The problem: All the lines below need to be output exactly, apart from any images.

Extracted data below:

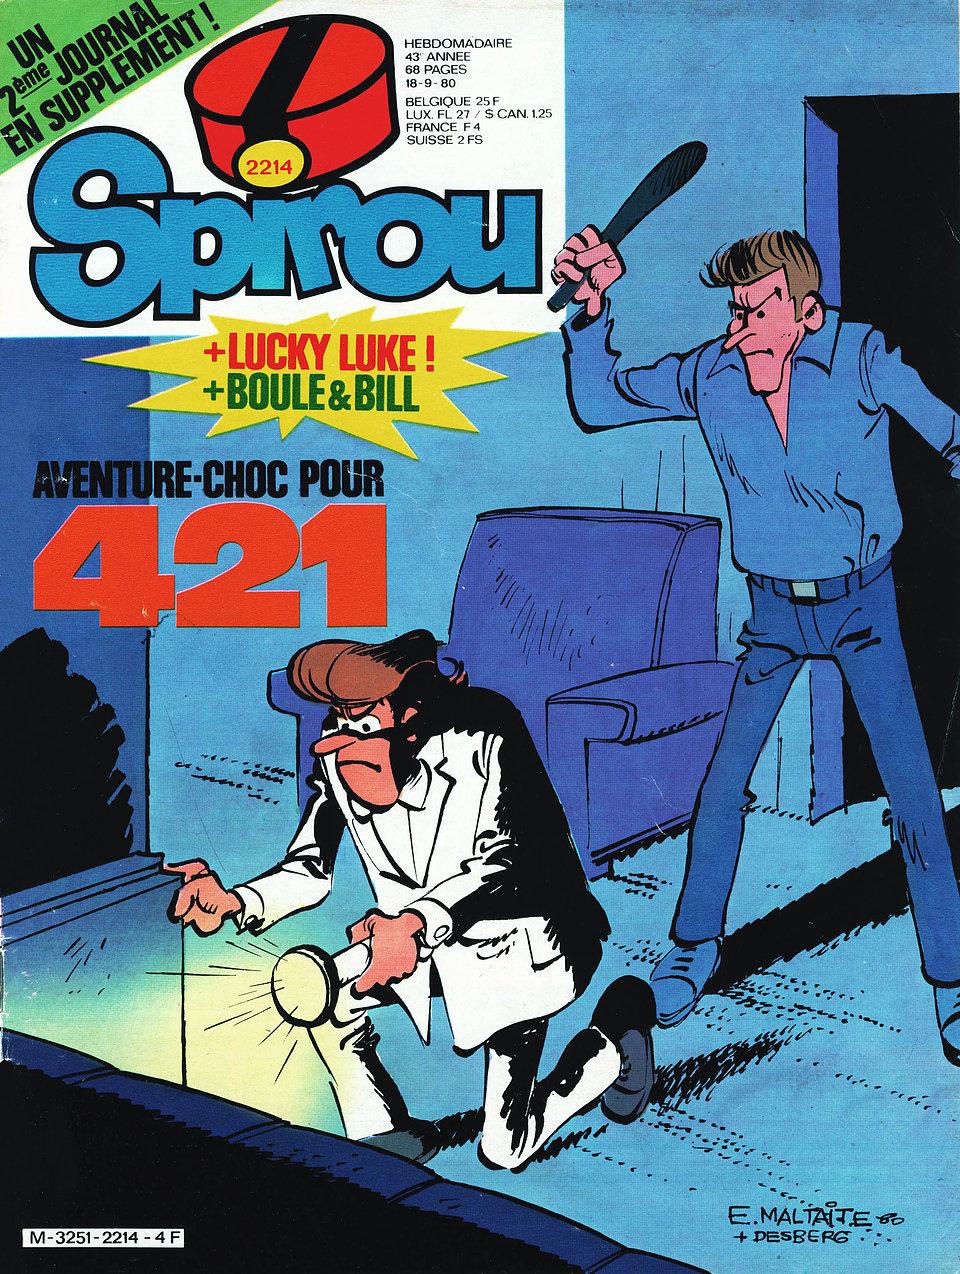 """Couverture de Spirou n°2214 (18 septembre 1980), signée Will, et première planche de """"L'épave et les millions"""", non reprise en album."""
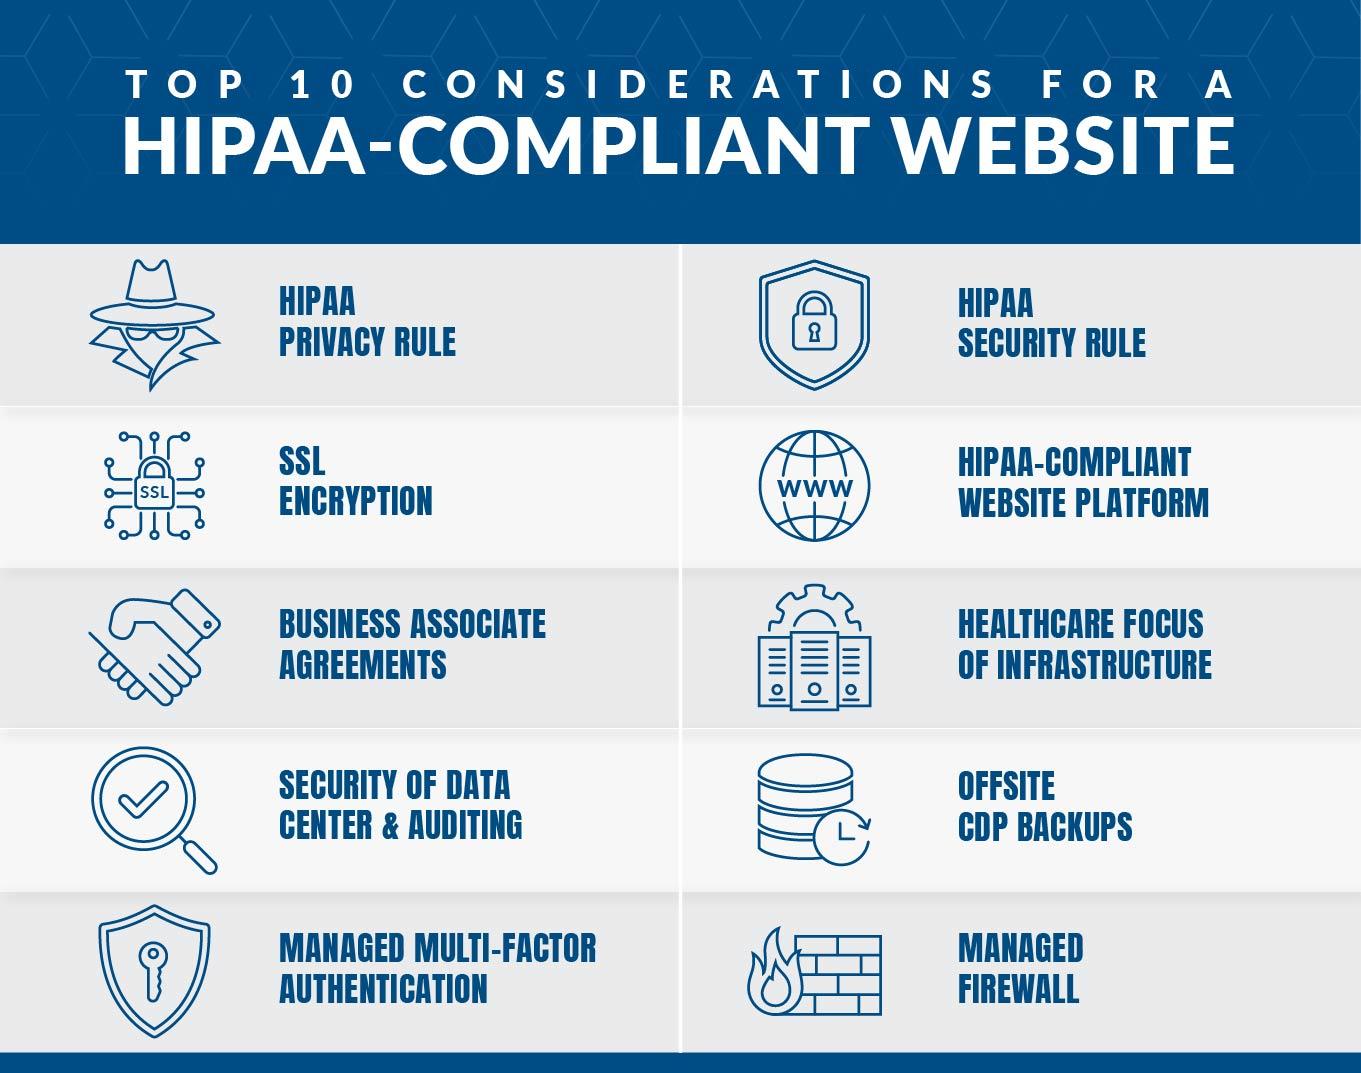 HIPAA Compliant Website: How to Make a HIPAA-Compliant Website
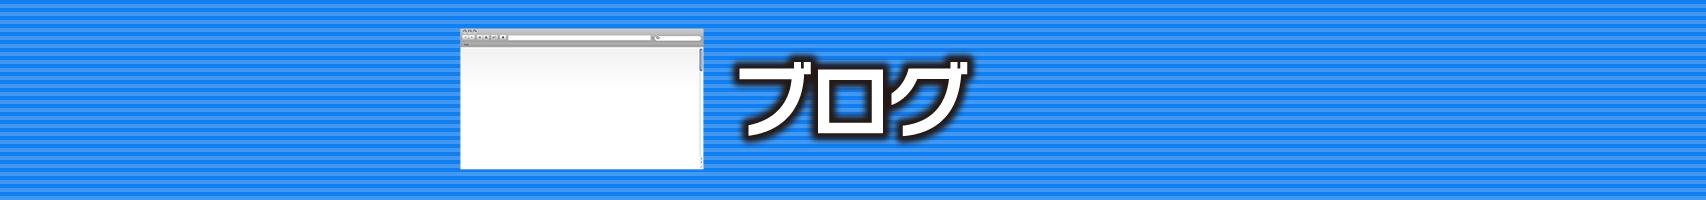 7/21(土)の福島芝・トニービン祭りをスマート出馬表で確認してみた!/スタッフのつぶやき
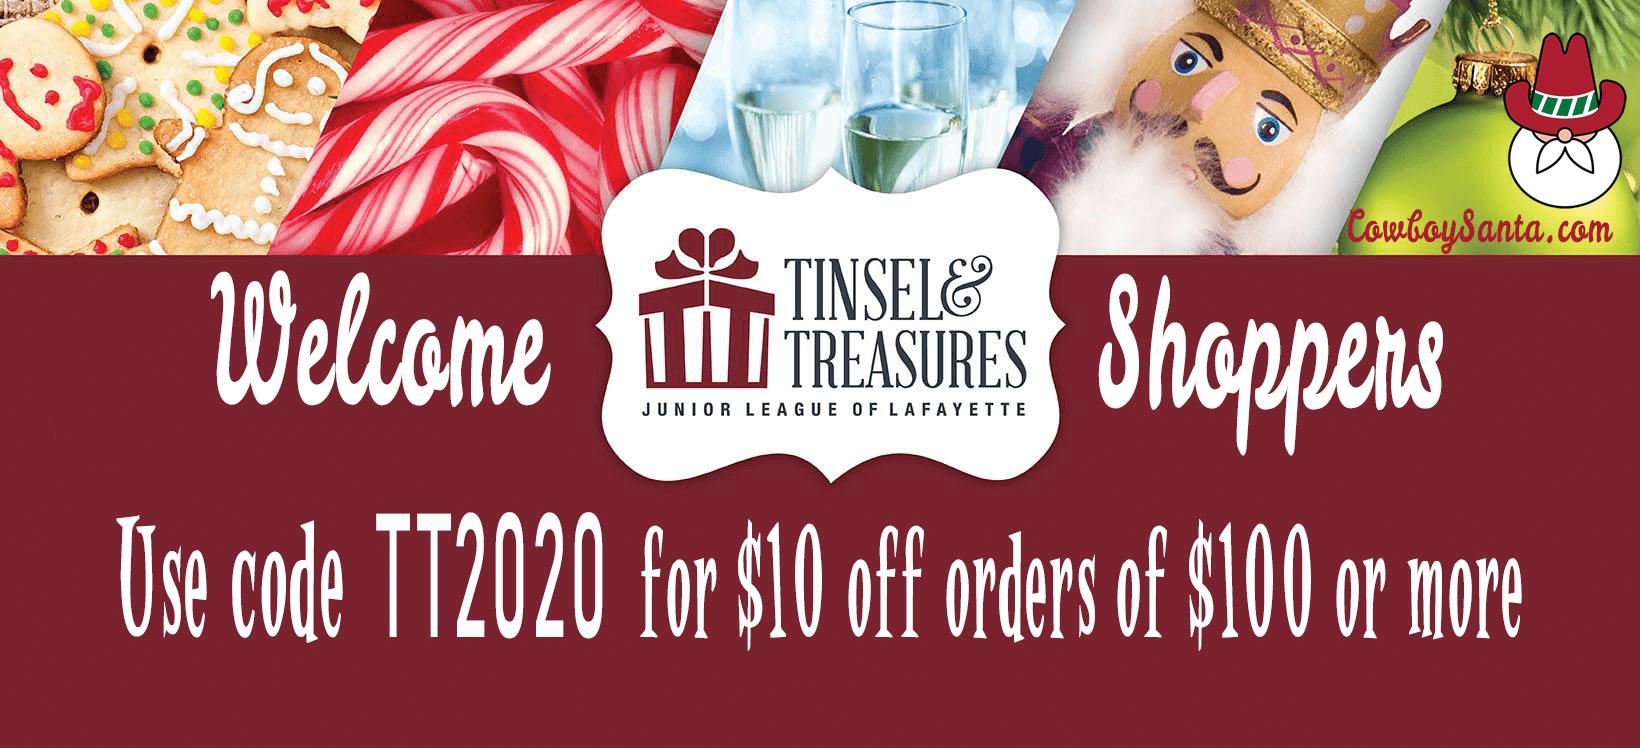 Tinsel & Treasures coupon code tt2020
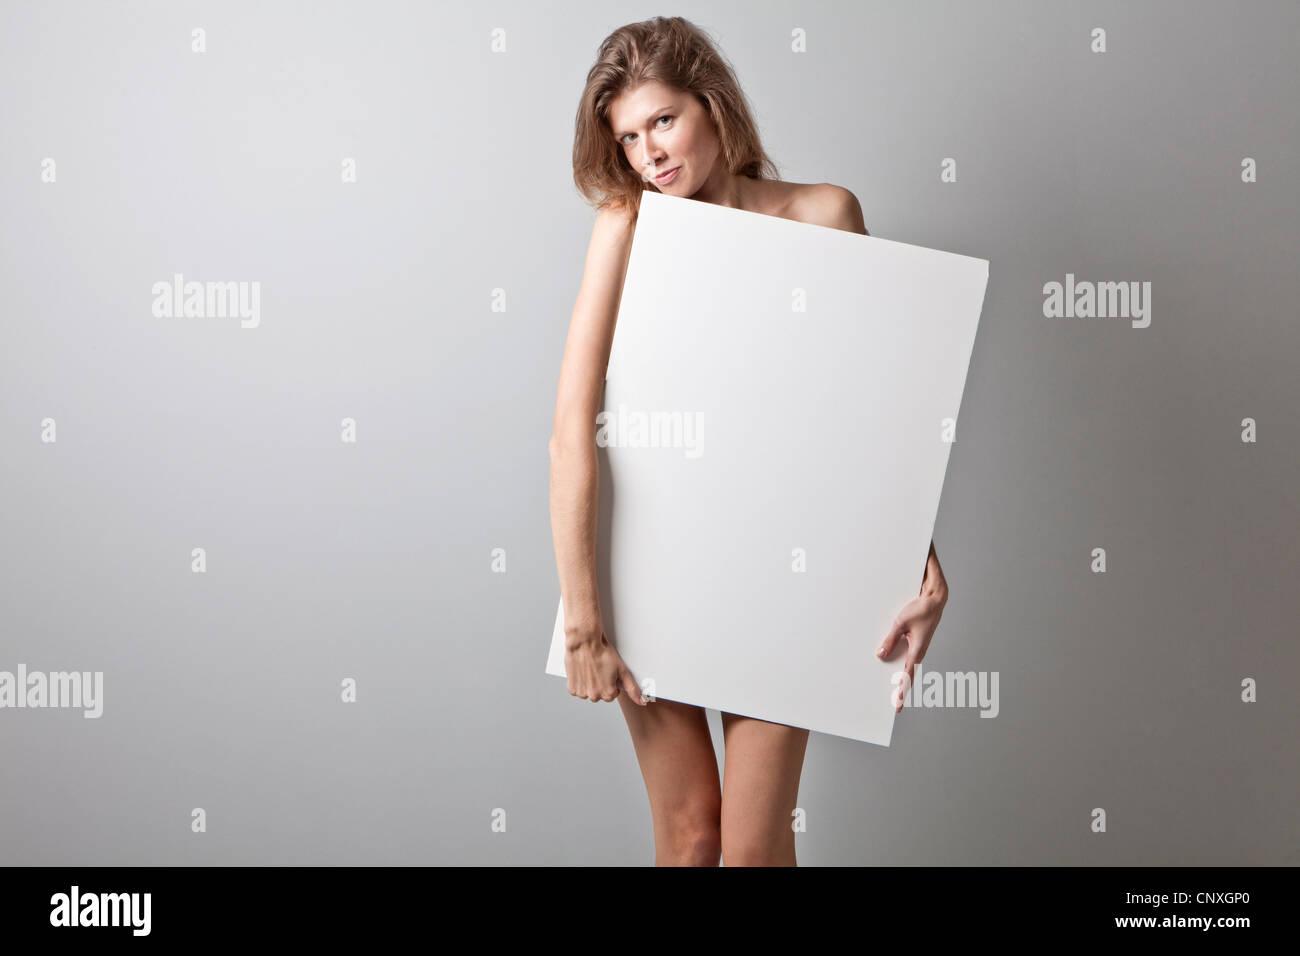 Mujer joven celebración panel blanco Imagen De Stock
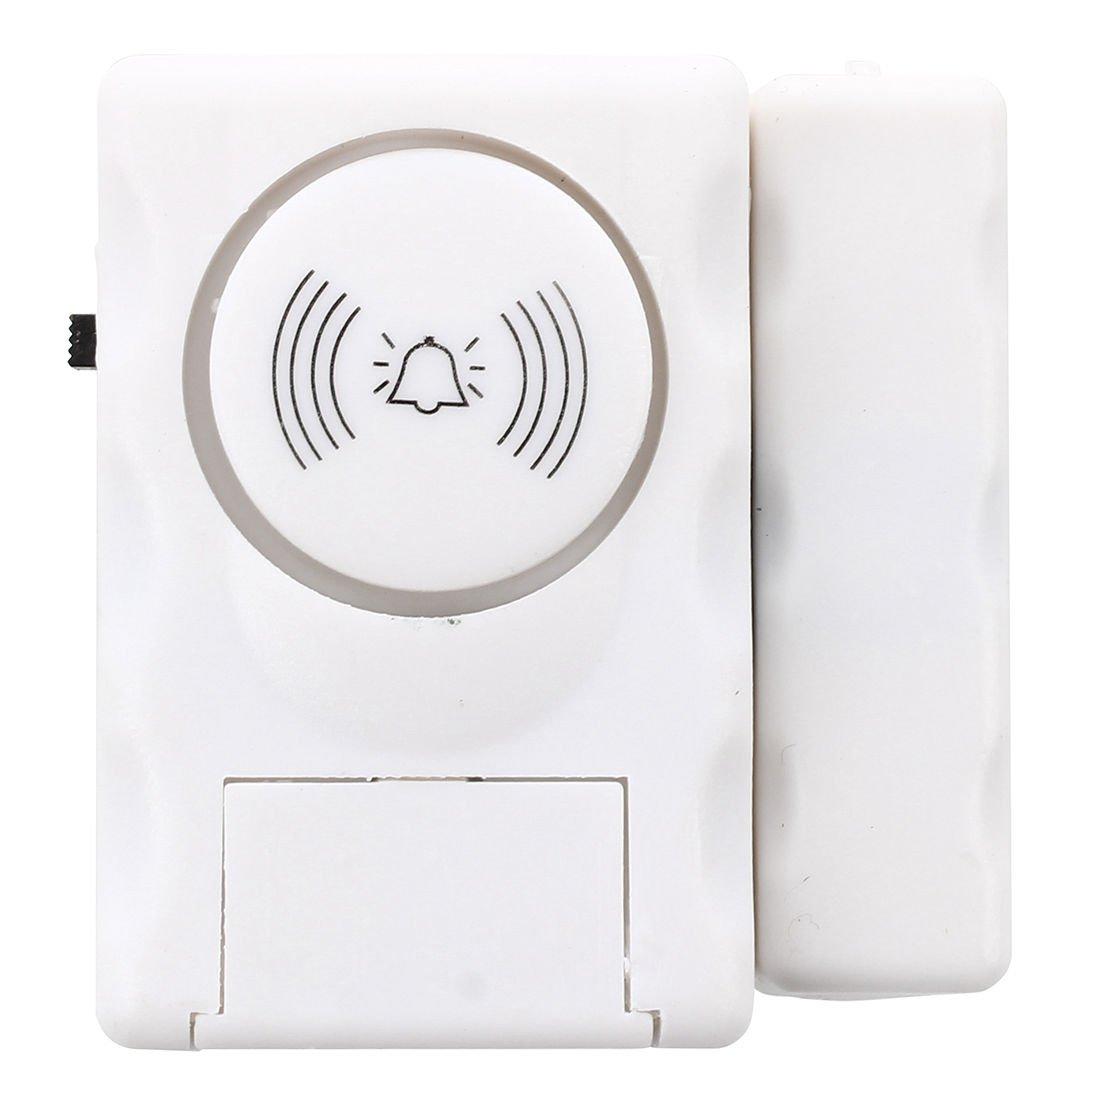 REFURBISHHOUSE Detecteur Magnetique Ouverture Porte Fenetre Alarme Securite Maison

End of Extracted data.

Written answer:
 """Couverture de Spirou n°2214 (18 septembre 1980), signée Will, et première planche de """"L'épave et les millions"""", non reprise en album."""
 HIPAA Compliant Website: How to Make a HIPAA-Compliant Website
 7/21(土)の福島芝・トニービン祭りをスマート出馬表で確認してみた!/スタッフのつぶやき
 Tinsel & Treasures coupon code tt2020
 Mujer joven celebración panel blanco Imagen De Stock
 REFURBISHHOUSE Detecteur Magnetique Ouverture Porte Fenetre Alarme Securite Maison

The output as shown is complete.